Token budget control is the last gate of the memory system. Regardless of how many results are retrieved previously, the number of Tokens that are ultimately injected into the context is limited. This limitation forces the system to sort and de-duplicate during the retrieval stage-because only the first few items will ultimately be retained.
8. Complete process
String all the above links together, and a complete search process looks like this:
user question
│
▼
┌─────────────────────┐
**** │ 1. 意图分类 │ LLM + 规则双层
│ → causal-reasoning │
└──────────┬──────────┘
│
▼
┌─────────────────────┐
**** │ 2. 路由决策 │ 查矩阵表
│ → both-priority- │
│ magma, L2-L4, │
│ concept+relation │
└──────────┬──────────┘
│
▼
┌─────────────────────┐
│ 3. Progressive search ③ The three stages are gradually deepened
│ ccb-fast → magma- │
│ extend → full- │
│ fusion │
└──────────┬──────────┘
│
▼
┌─────────────────────┐
**** │ 4. 结果融合 │ 统一格式 + 去重
│ Accuracy + Semantic Two Levels │
└──────────┬──────────┘
│
▼
┌─────────────────────┐
│ 5. comprehensive ranking ③ Relevance + Priority + Layer + Timing
└──────────┬──────────┘
│
▼
┌─────────────────────┐
│ 6. Token budget control ◆ Dynamic allocation + truncation
└──────────┬──────────┘
│
▼
Inject into Claude context
There are six steps, each step solves one problem: intention classification solves "what to find", routing decision solves "where to find", progressive search solves "how to find", result fusion solves "put together", comprehensive sorting solves "which priority", Token budget control solves "how much can be stuffed?"
9. Design insights
Looking back at the entire intent-driven retrieval system, there are several design insights worth refining:
-
Intent determines everything.
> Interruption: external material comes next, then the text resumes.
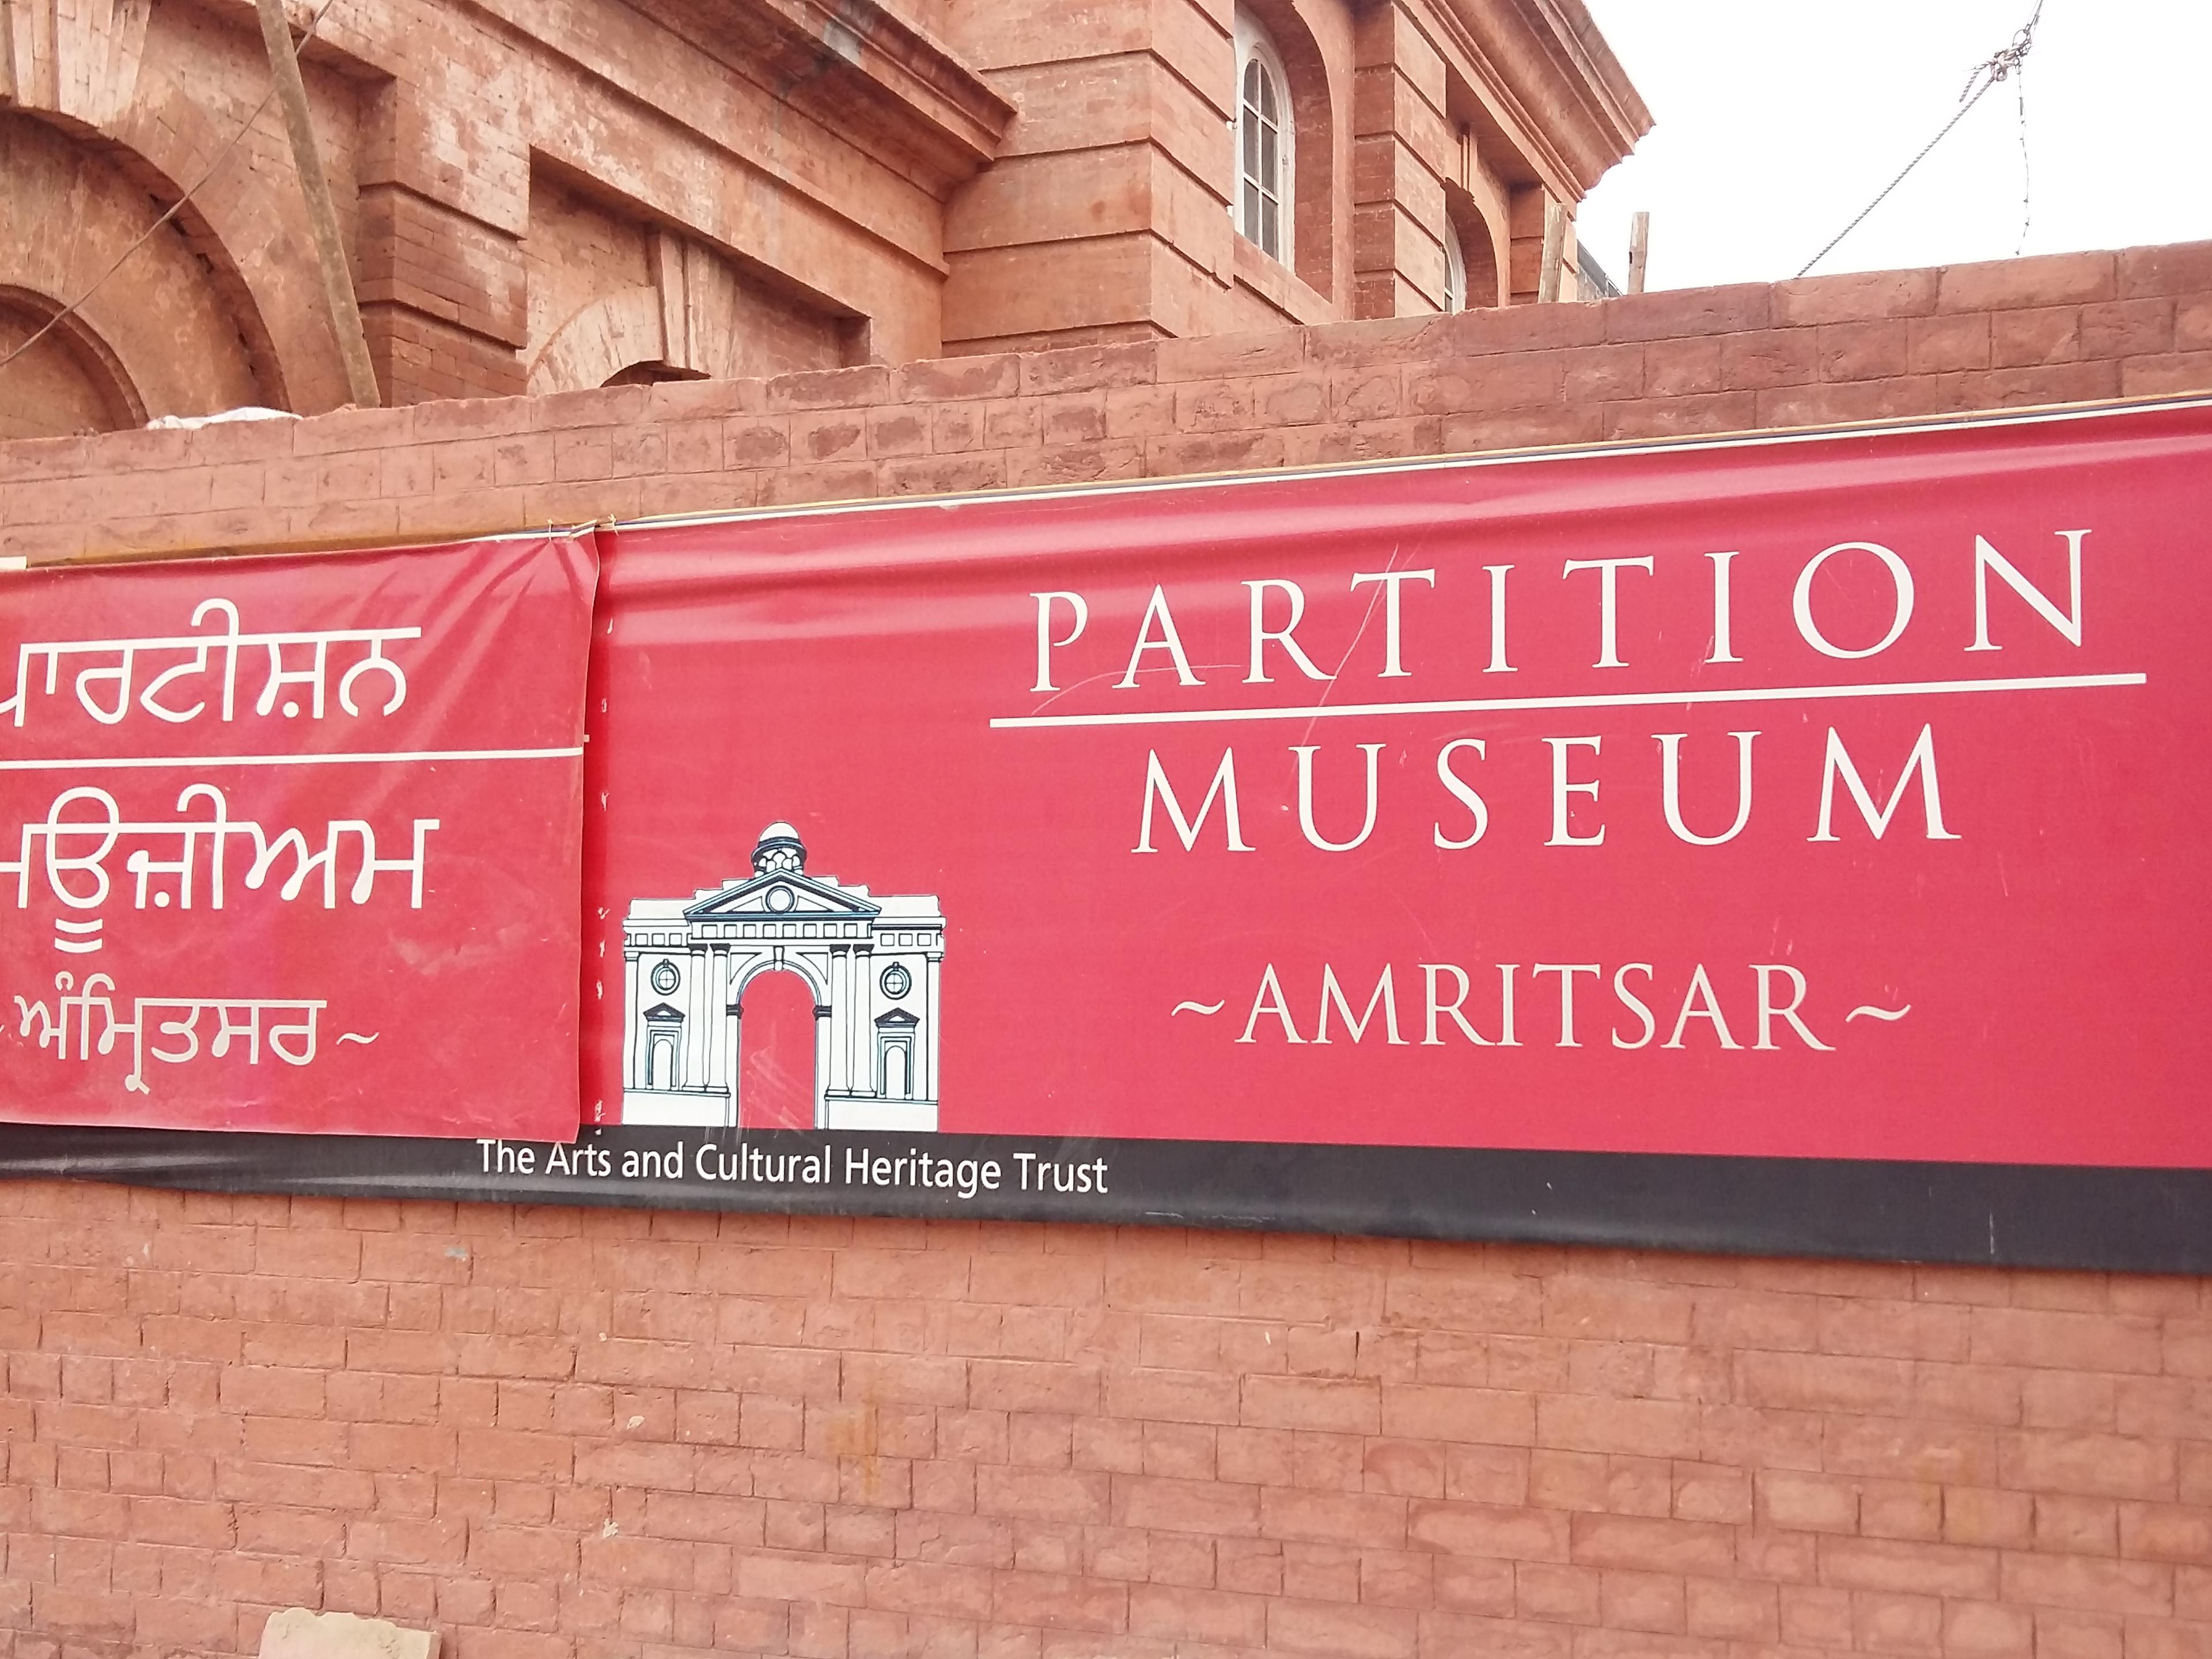 The Partititon Museum, in the northern Indian city of Amristar opened in August 2017. (Photo: Bismil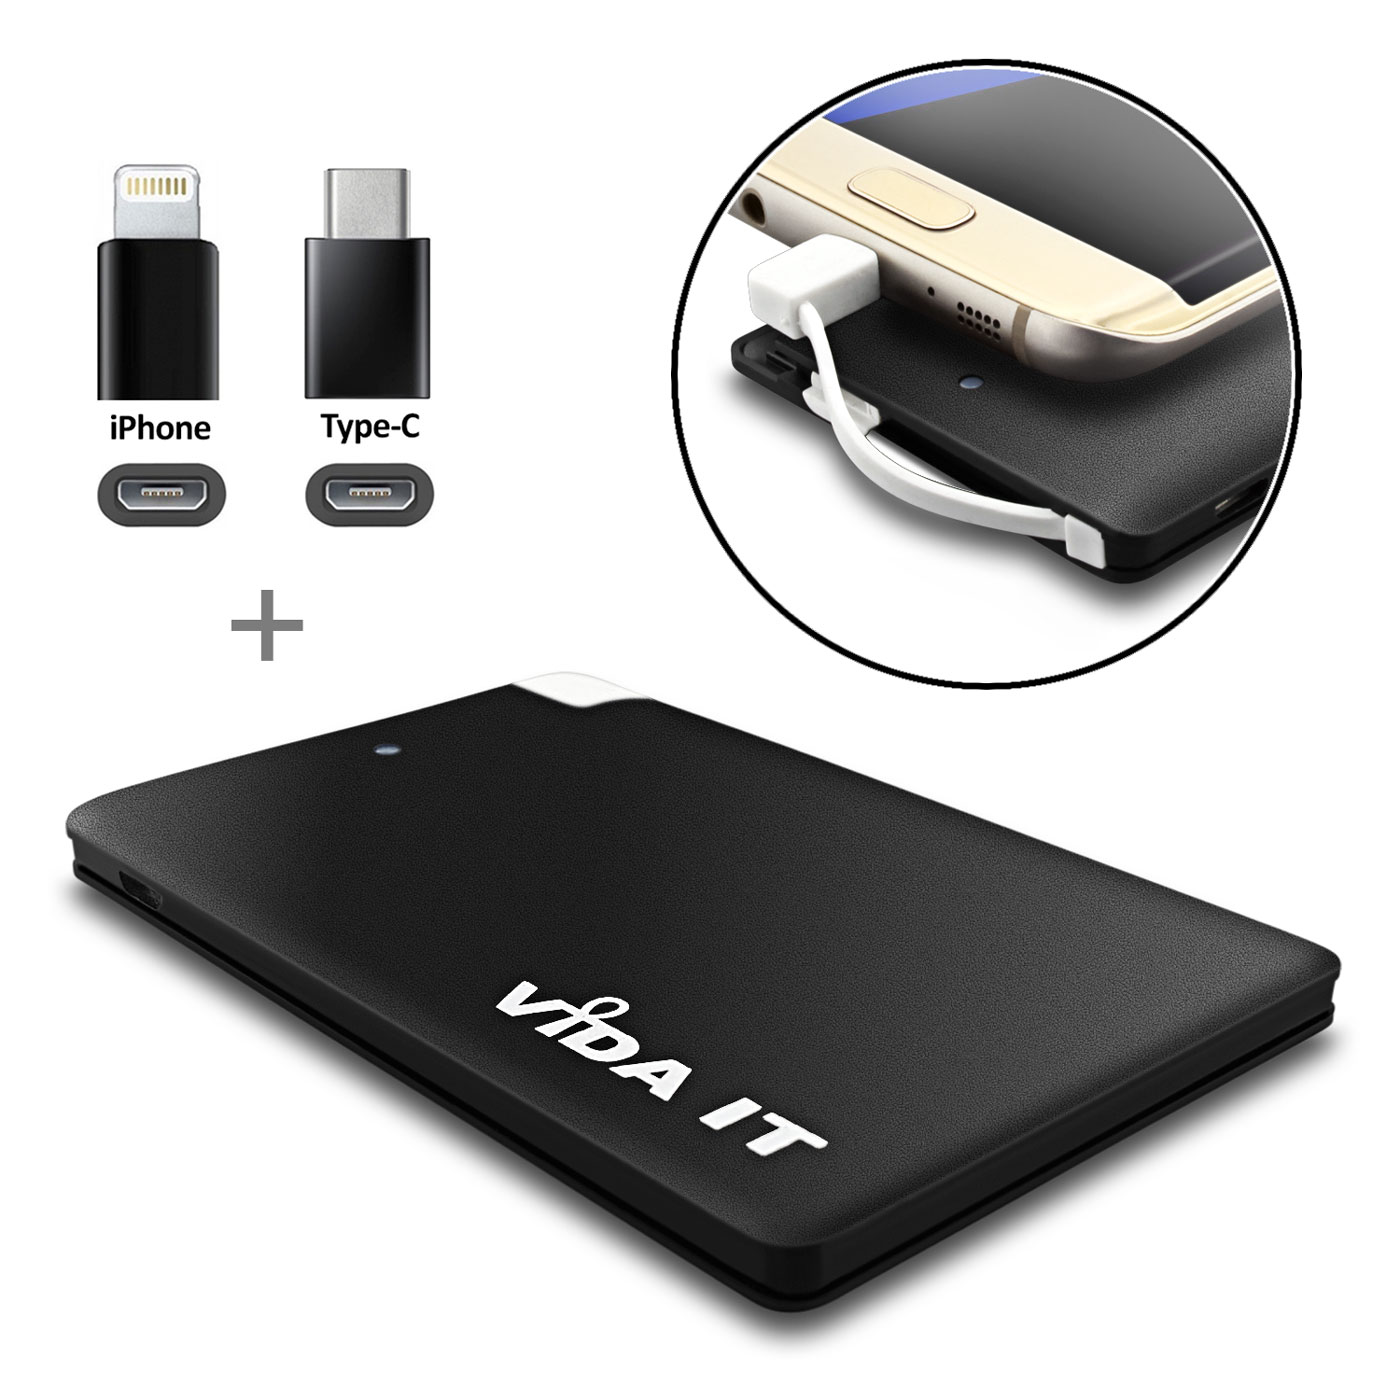 Slim credit card design Power Bank 2500mAh external battery pack thin portable USB charger with built-in micro-usb charging cable plus two adapters for iPhone and type-C usb-c connectors for mobile phone smartphone tablet pc

In the same memory bank, different intentions take different paths. This is not over-design, but an admission that "there is no silver bullet"-simple questions do not require complex retrieval, and complex questions are not worth returning quickly.
-
Double downgrade. LLM → Rules → Cache, with three levels. Good system design assumes that every link can fail and is prepared for failure.
-
Progressive investment. Spend 100ms trying CCB first, but it is not enough to add MAGMA, and it is not enough to use FusionVerifier. The search cost matches the query complexity, so there is no waste.
-
Multi-dimensional sorting. It is not ranked by correlation alone, but by comprehensive correlation, source, layer, and timeliness. The impact of each dimension is limited, avoiding single factor dominating.
-
Hard constraints are the bottom. The Token budget is a hard constraint. No matter how many results are retrieved previously, the number of Tokens injected is limited. This constraint forces the quality of the previous links.
This issue breaks down the complete process of intent-driven search. The next issue will talk about the "self-evolution" of the memory system-the Dream automatic organization mechanism, configuration system, and the actual code practice of the Shared Memory System.